* [SUPPLIED INFORMATION]
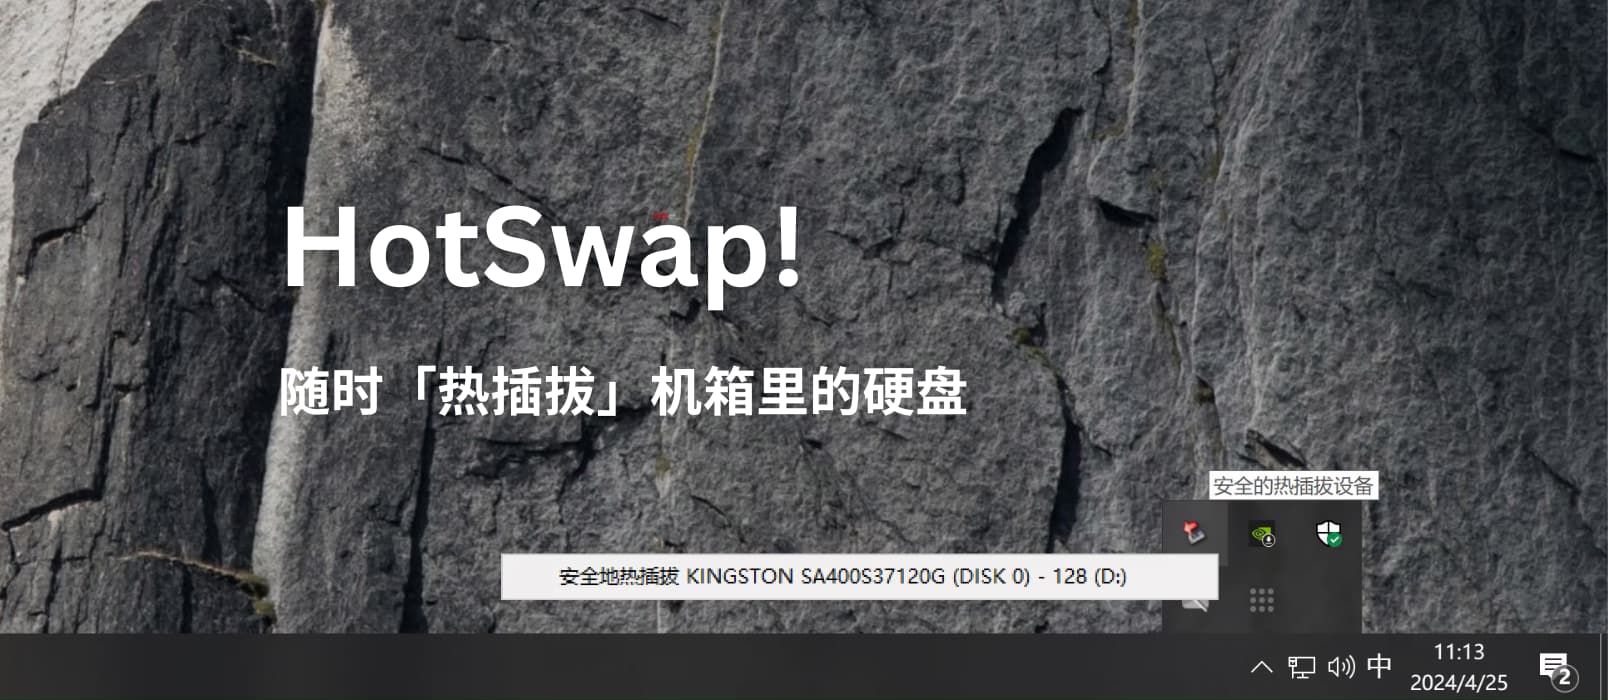 HotSwap! - 给硬盘加个软件开关，随时「拔掉机箱里的硬盘」[Windows] 1
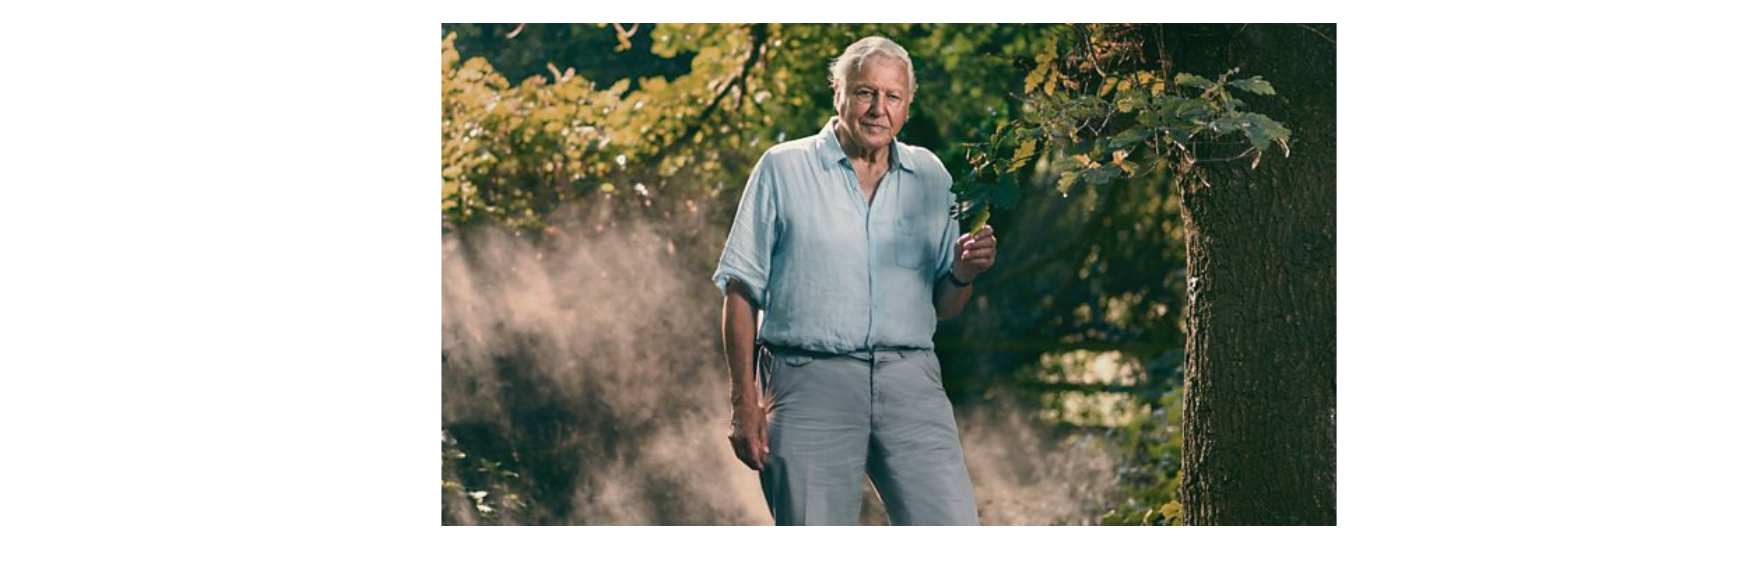 David Attenborough in woods
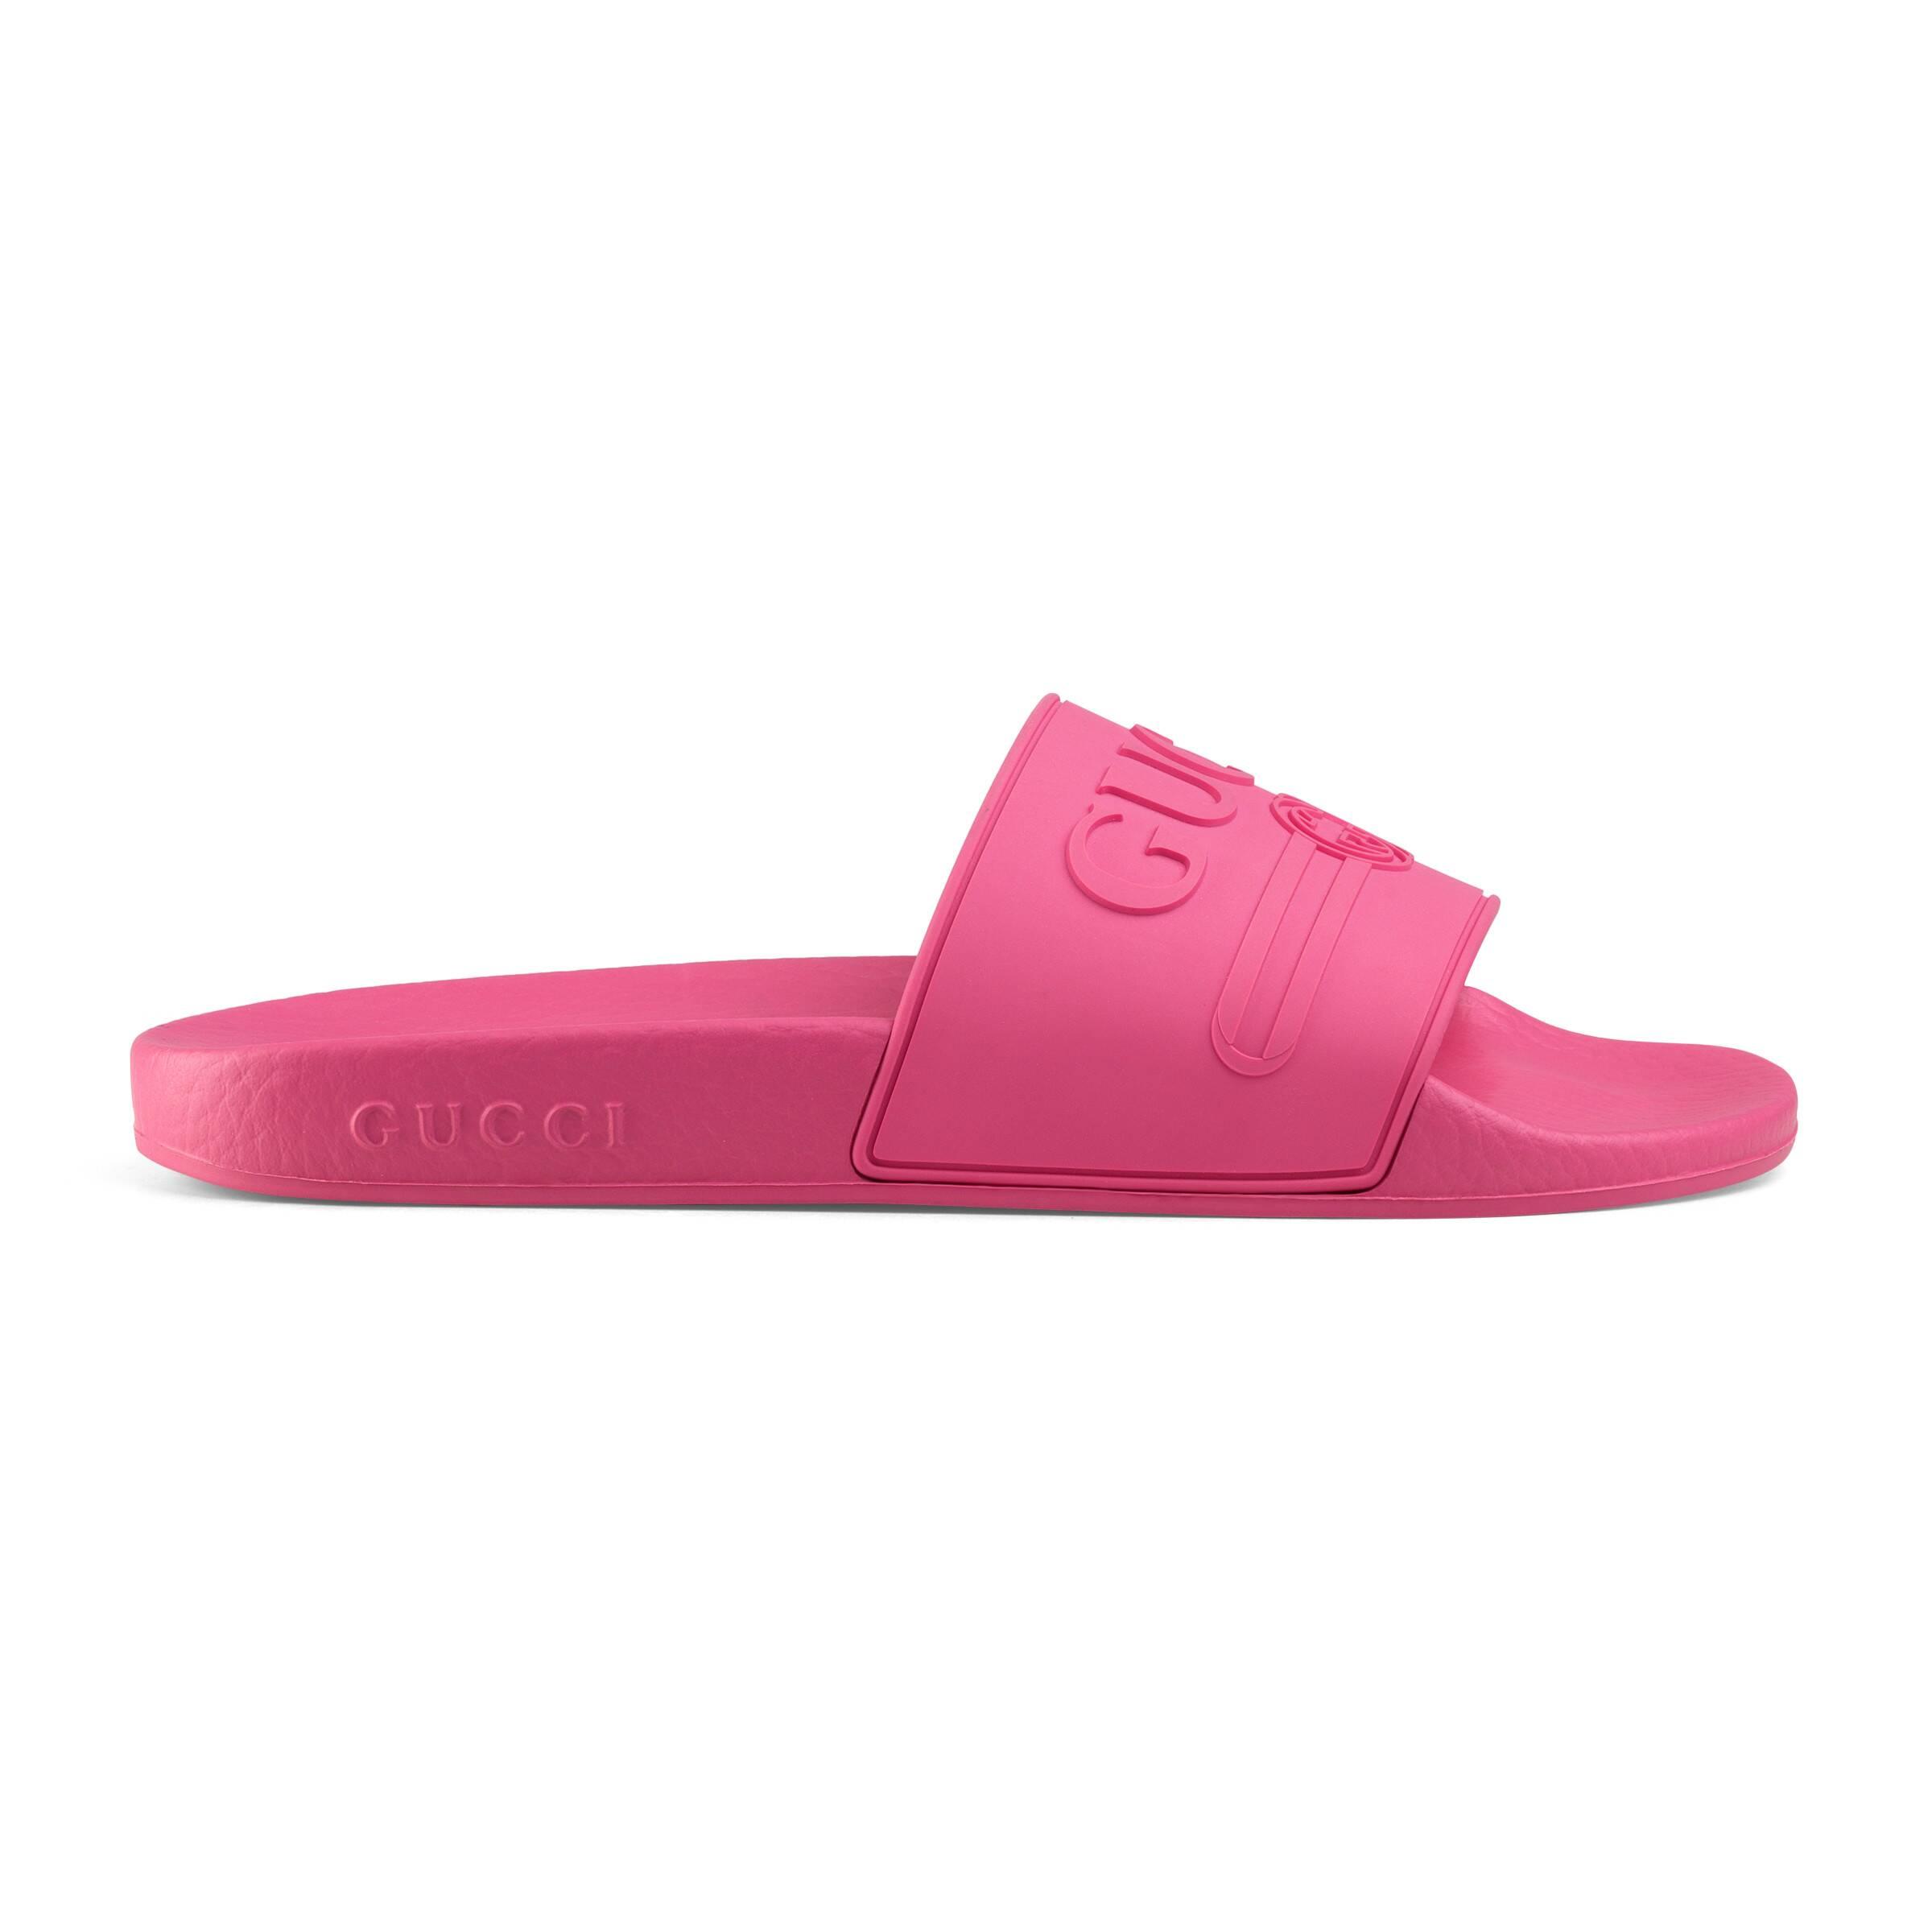 gucci sandals pink

* [WHAT IS REQUIRED] Restate the data above word for word, so that the only difference is the missing pictures.

* [YOUR RESPONSE]
 HotSwap! - 给硬盘加个软件开关，随时「拔掉机箱里的硬盘」[Windows] 1
 David Attenborough in woods
 gucci sandals pink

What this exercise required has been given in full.